Well, a good place to start is that AI needs data, right? And where do you think the AI uses the data that AI uses comes from? Does it come from LD directories? Does it come from SQL databases? It comes from knowledge graphs. You guessed it through a technique called graph embeddings. This is where you actually transform the nodes and relationships in your graph into vectors of numbers. These vectors of numbers retain the semantics of the original graph, but they are simplified. There are lower level which allow for faster computation.
Here's what that would look like.
You have a graph on the left and through some kind of magical function you issue, you create those vectors of real numbers, which are the same representation that can be then inputted into an LLM into a, an AI for training. So now if you have your knowledge graph on the on the left, which is your company's data, your knowledge, you can actually train, train an LLM with this.
What can, what you can do is, this is all kinds of things like just using the embeds alone. You can find hidden patterns or similarities. But if you have an LLM, you can do retrieval, augmented generation applications. These are applications that use a generic, you know, LLM large language model such as chat, GPT or Misra or whatever. And you can augment it with your own knowledge graph as, as I just mentioned.
So now you can have your identity or authorization specific LLM that uses your own knowledge, your own company or organization's knowledge.
Once you have that, you can use AI to secure ai. You can suggest entitlements, you can use natural language to ask any security question or anything to your, to your actual ai. The sky's the limit at this point. So there you have it. I'm just adding AI to this, this diagram here. One last thing is that all these components will need somehow to communicate to each other in real time. Because as you see, this P-E-P-P-D-P pattern requires you to, to authorize every single request.
So to do that, a good idea would be to look at the open id shared signaled framework event and risk events, which I think could be used for, for this purpose. So to conclude, it's time to bring ai ai, yeah, it's time to bring IM into the 21st century. To do that, you can only trust in zero trust because zero trust will actually help you implement that force factor and help you detect those intruders and graphs are probably the only way you would achieve that because graph databases anyway, have all these algorithms and features embedded at the platform level. All the systems simply don't.
That's it. Thank you.
Thank you Alex. Thank you for the too minutes.

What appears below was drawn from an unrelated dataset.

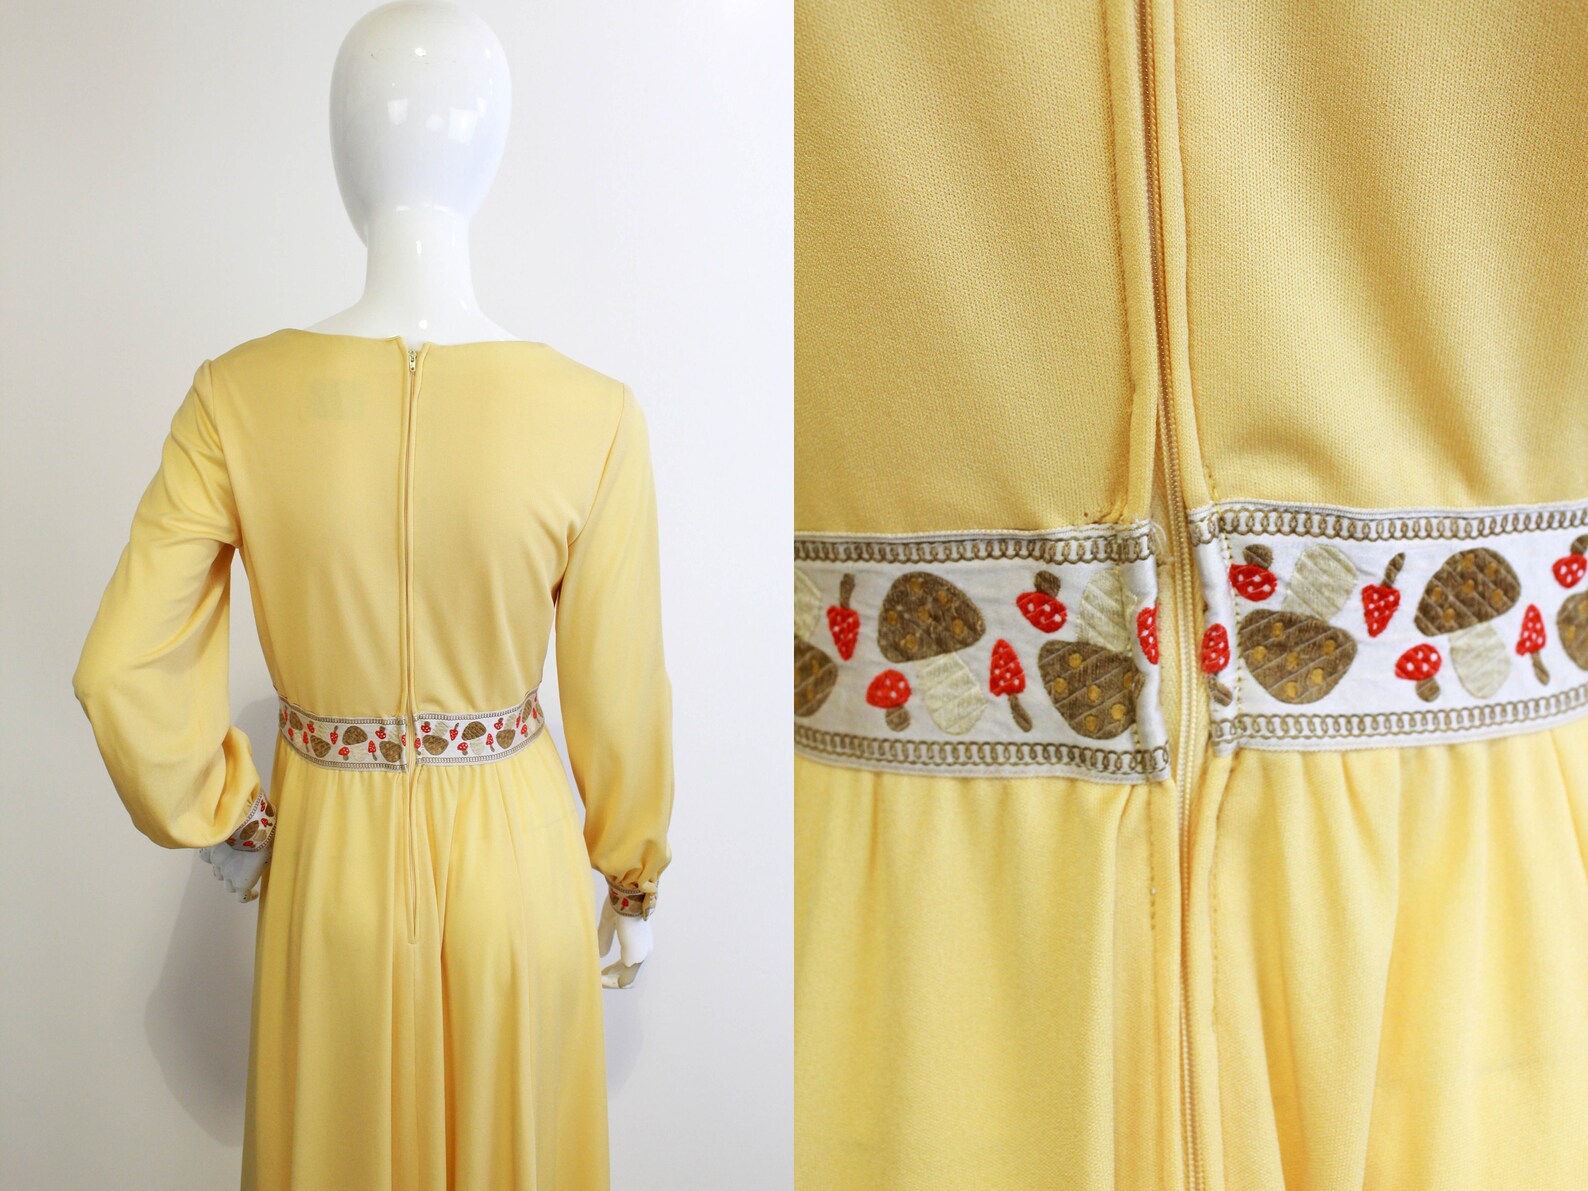 1970s Julie MIller of California Yellow Maxi Dress with Long Puffed Sleeves, Mushroom Embroidered Waist and Cuffs1970s Julie MIller of California Yellow Maxi Dress with Long Puffed Sleeves, Mushroom Embroidered Waist and Cuffs

Yeah, very nicely done. Do we have any questions from people who are in the audience here? I didn't see anything in the app. Alright. I wanna ask a question that came up in a conversation earlier today. Sure.
About, well, but can't you just implement graphs in whatever technology you want? What's special about these labeled property graphs?
Yeah, so there's, there's various ways to do graphs there. There can be a logical layer on top of a more traditional system, but as I'm, as I showed in that previous slide, those regular legacy systems don't have all these capabilities, all these analytics features like embeddings and, and key neighbor and clustering and all of that stuff. So you'll be missing out on all that. Basically. Additionally, a past traversal and pattern matching are really core features of these graph databases and you'd have to implement those things yourself somehow.
Got it.
So you'd have to roll your own if you used other technology bases.
Yeah, imagine doing your own SQL joins, you know, instead of having the Oracle database do it for you.
All right. Well help me thank Alex once again. Thank you. Awesome. All right.